_Required action_
Only the lines from the one containing "Rapidfire Pro Lp" through the end of the listing are to be repeated, exactly and without pictures.

_Exercise data_

===

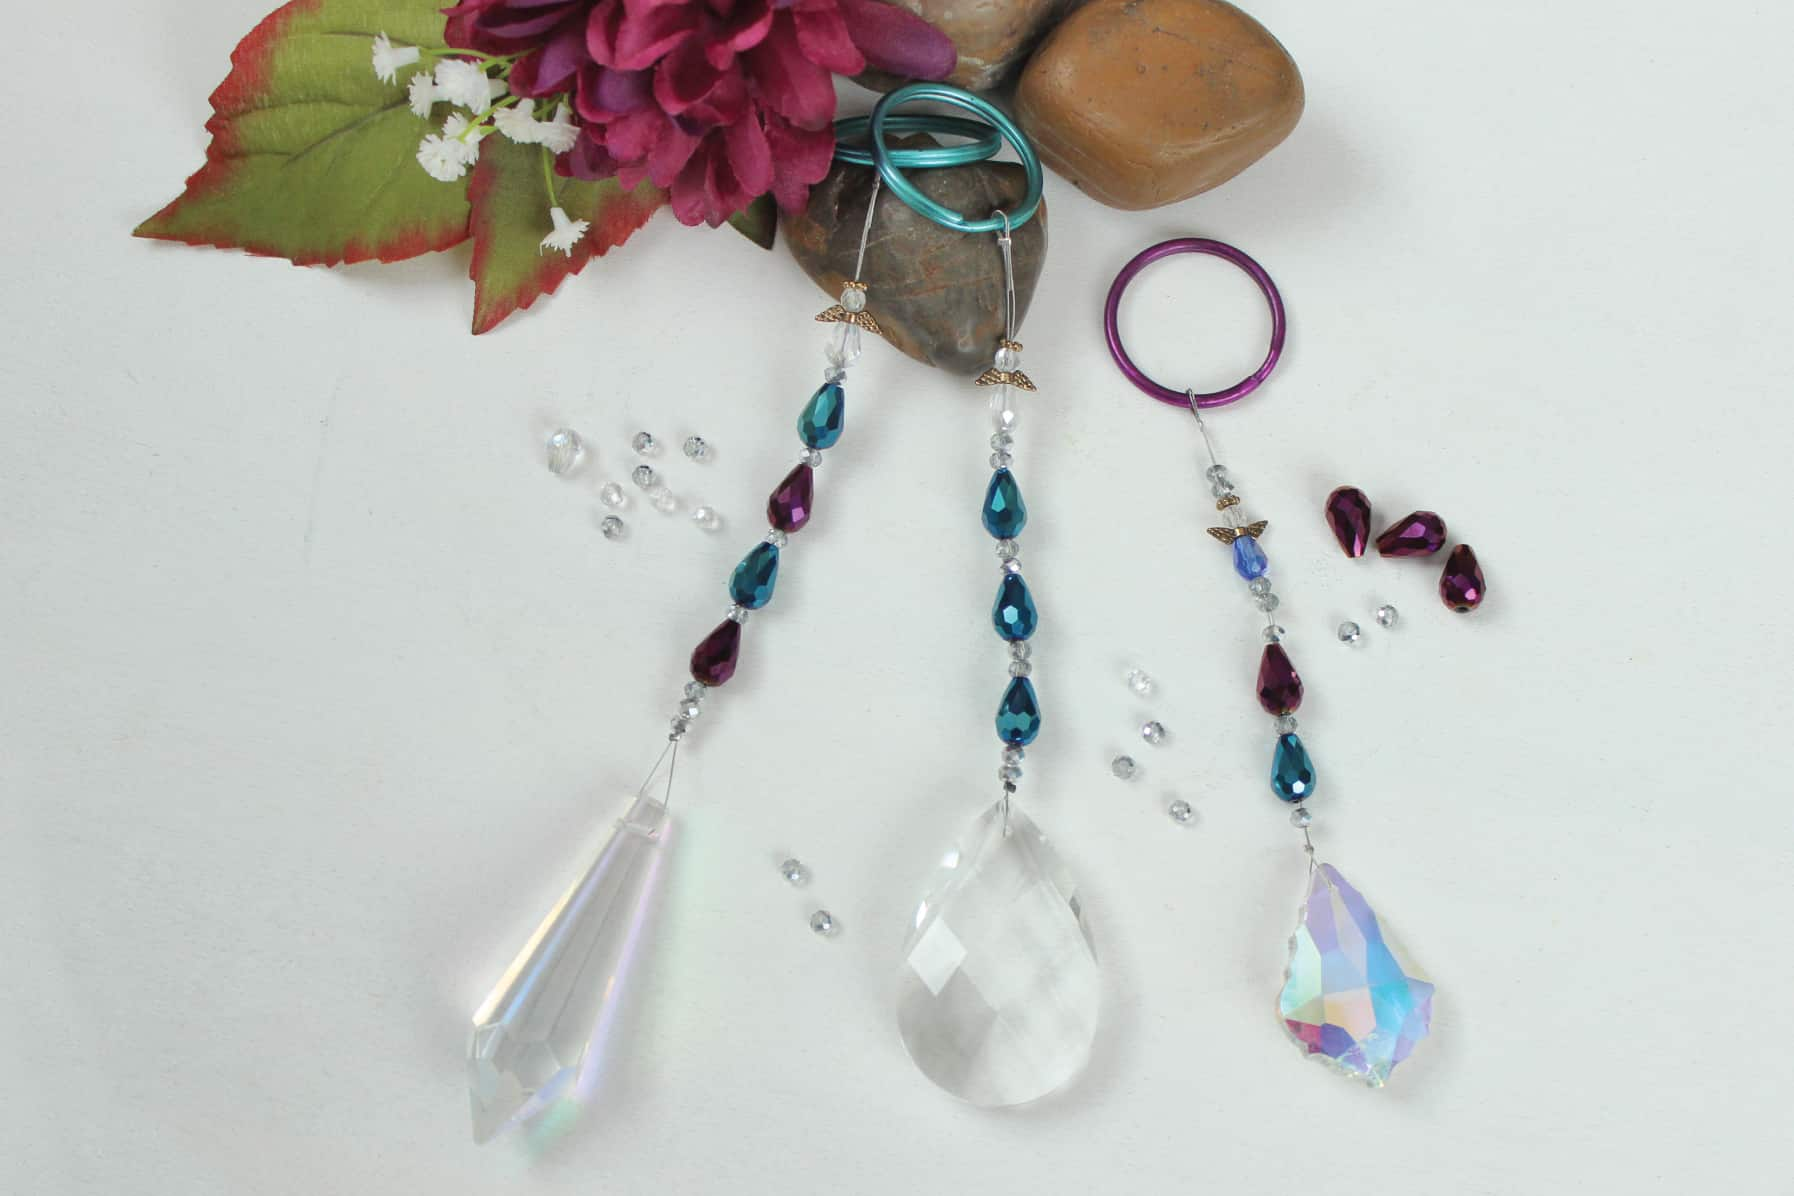 Raindrop crystal suncatchers
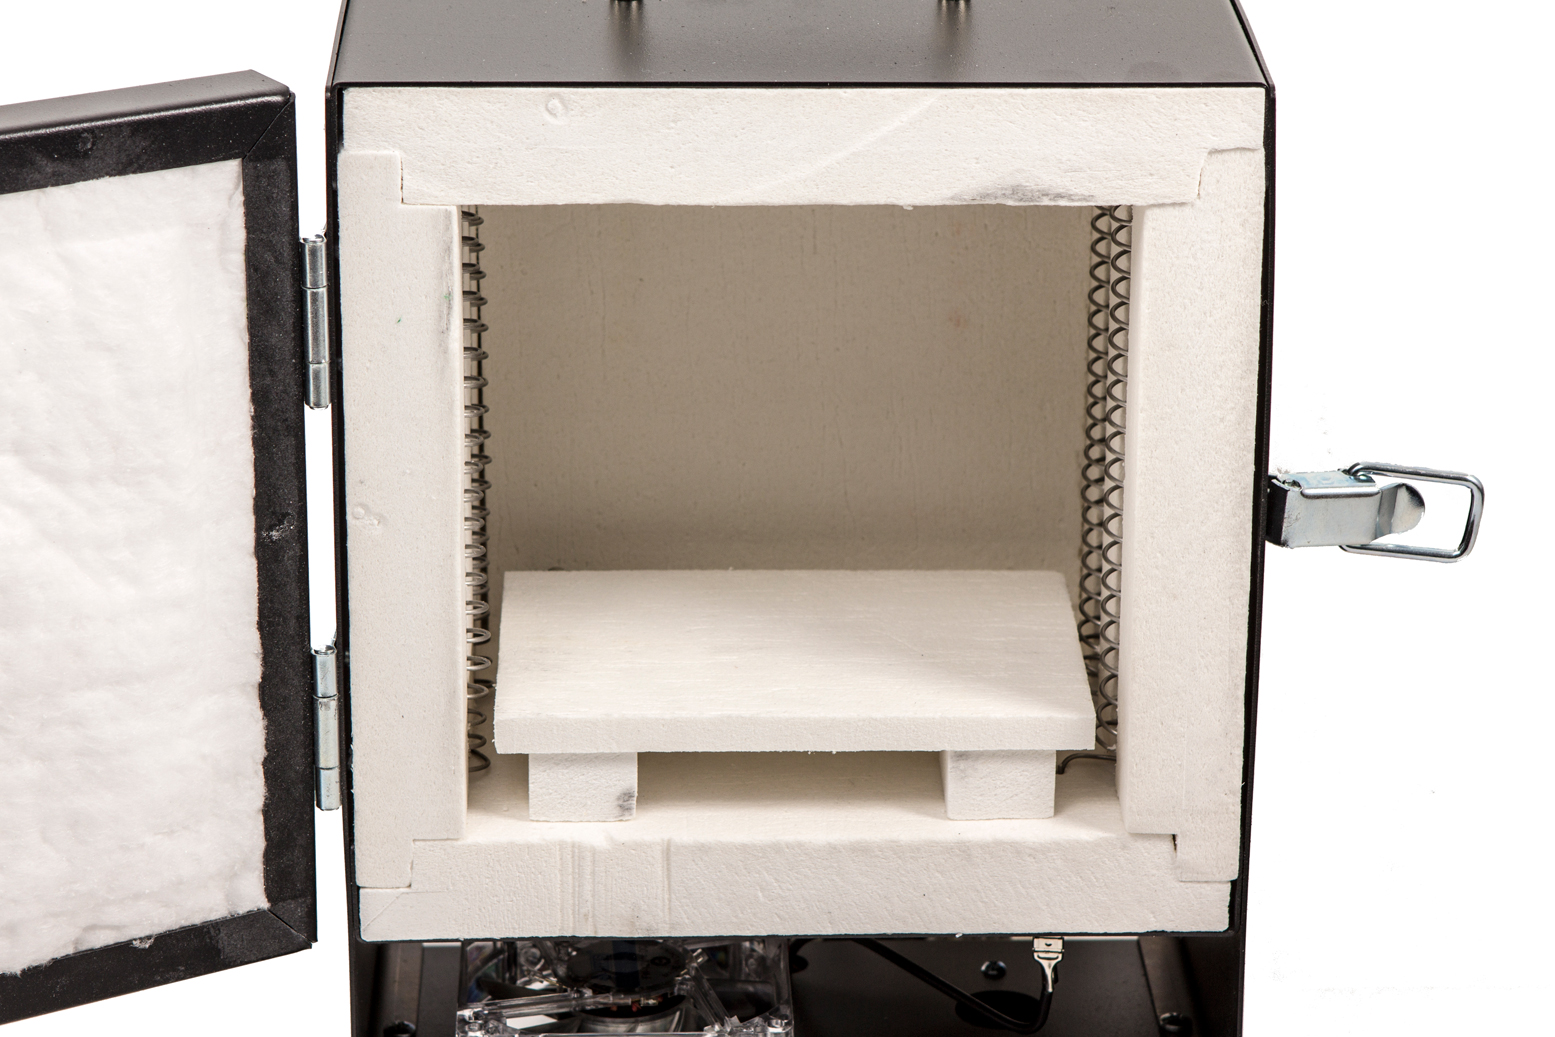 Rapidfire Pro Lp Electric Kiln Relay Quikmelt Front Loading Tabletop Furnace Company
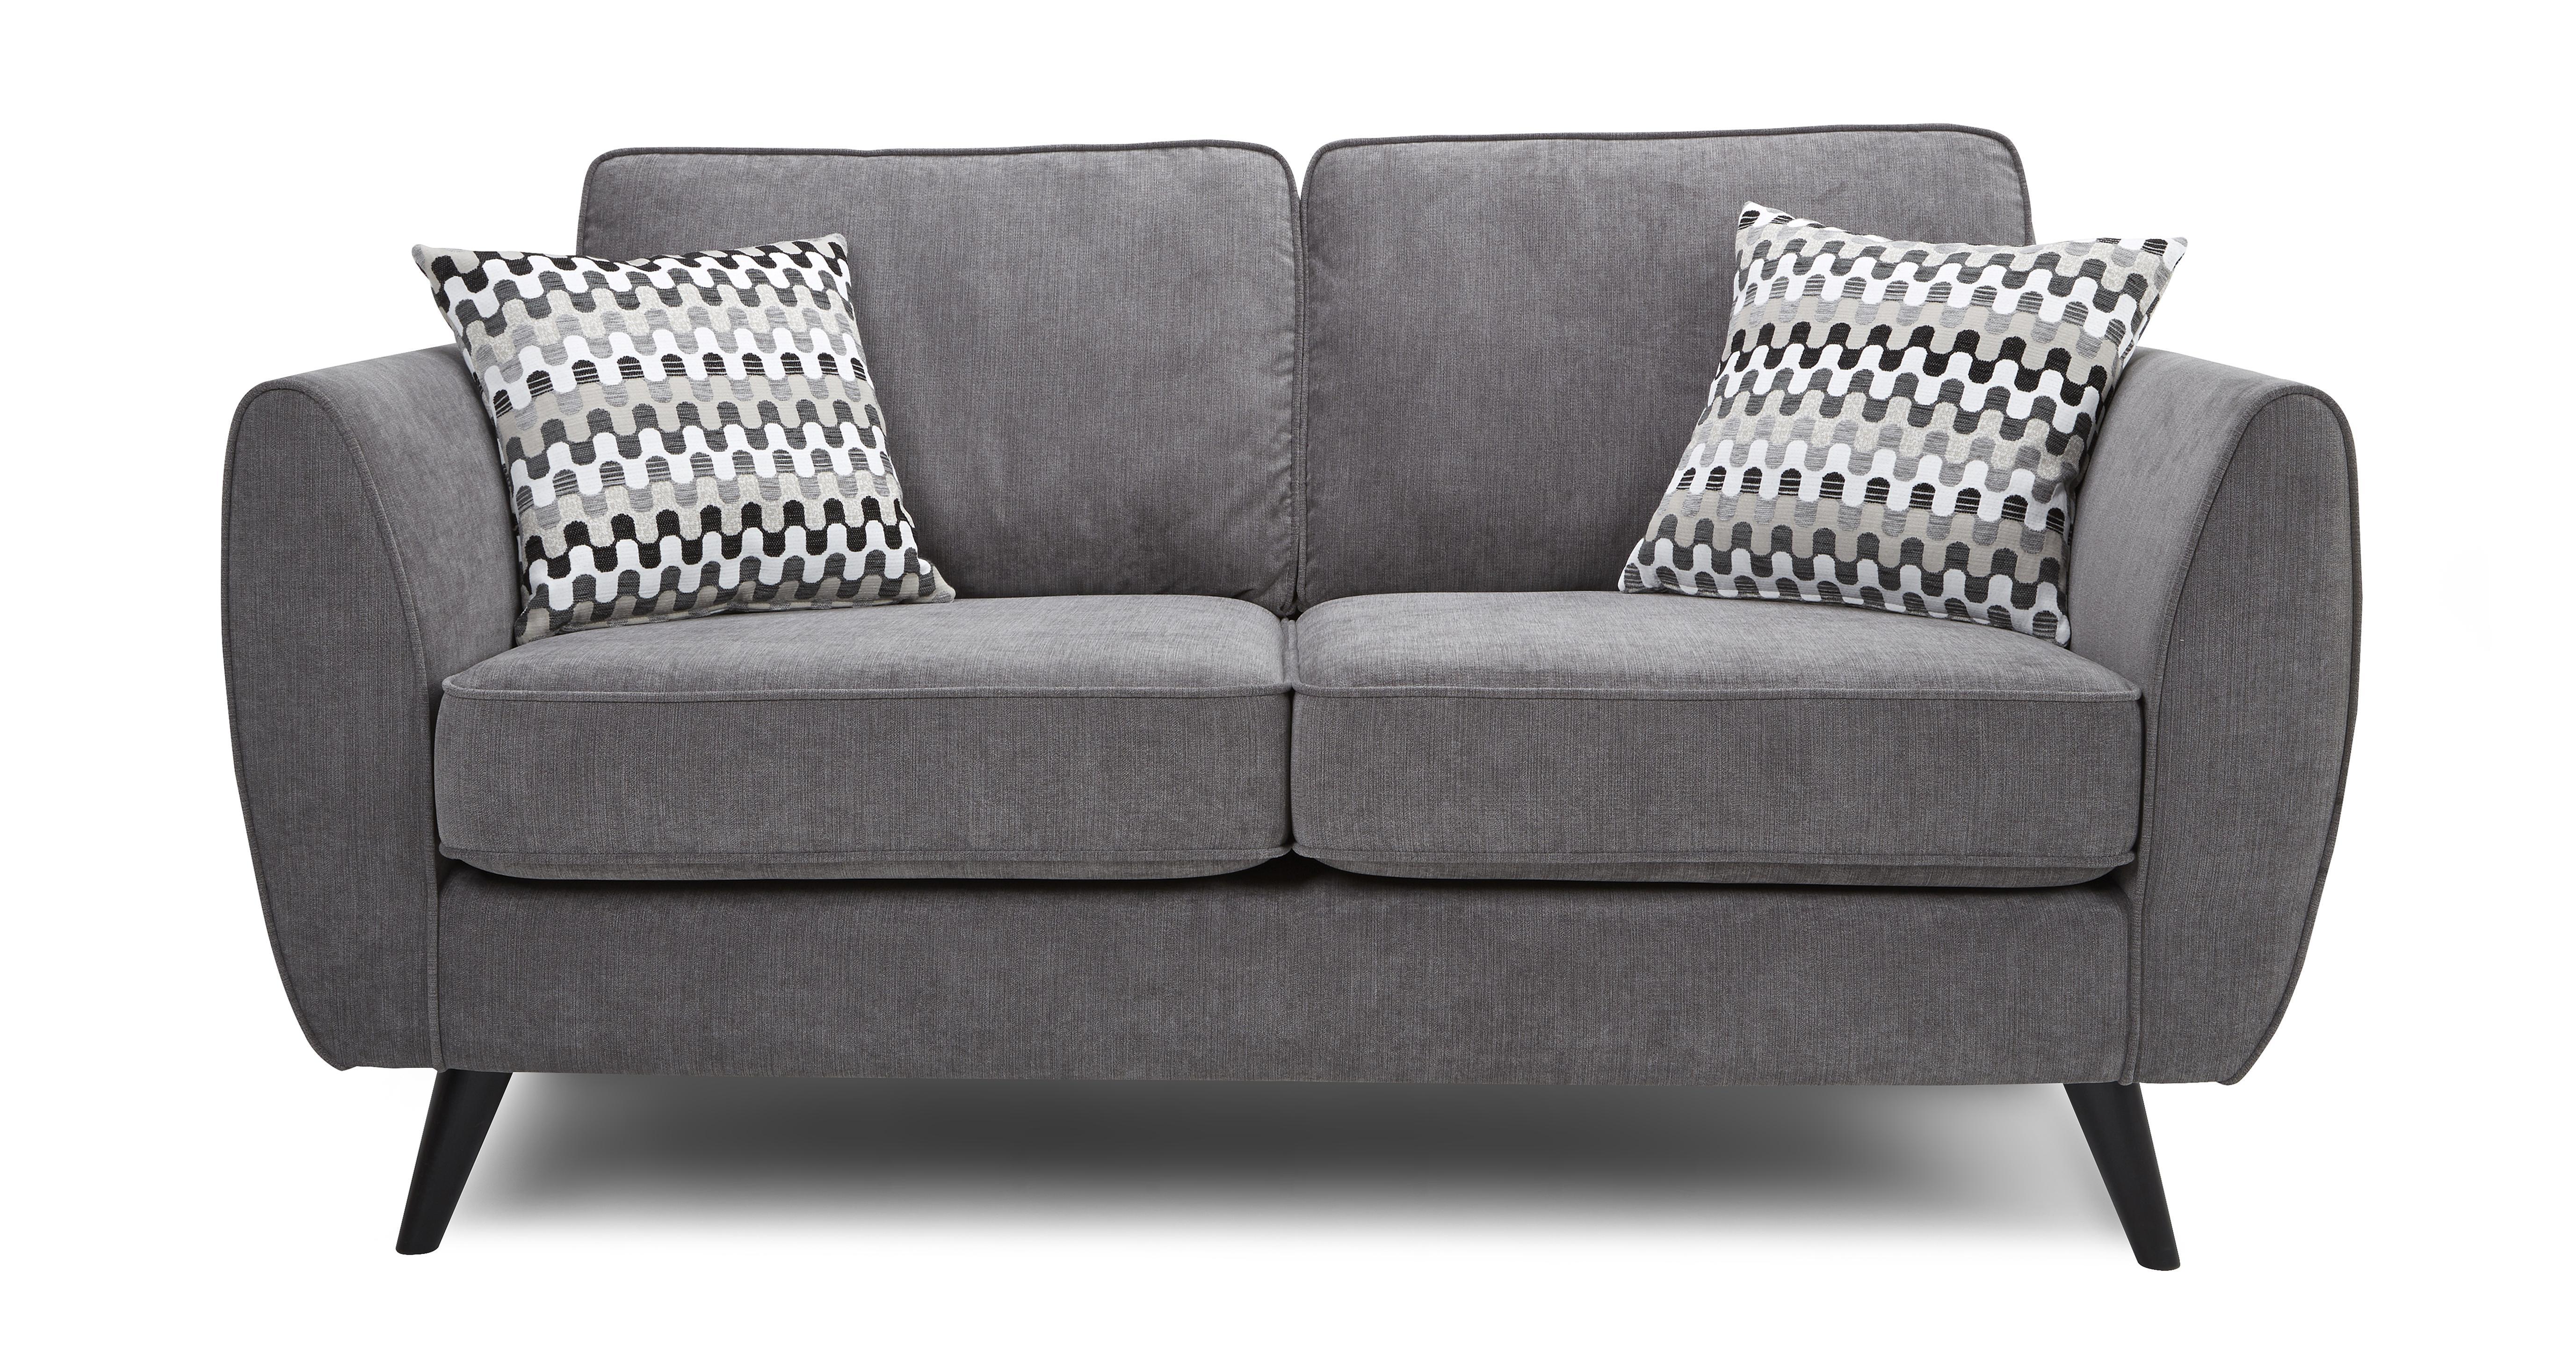 2 seater sofa JLMDVMZ

===

_Written response_
 Rapidfire Pro Lp Electric Kiln Relay Quikmelt Front Loading Tabletop Furnace Company
 2 seater sofa JLMDVMZ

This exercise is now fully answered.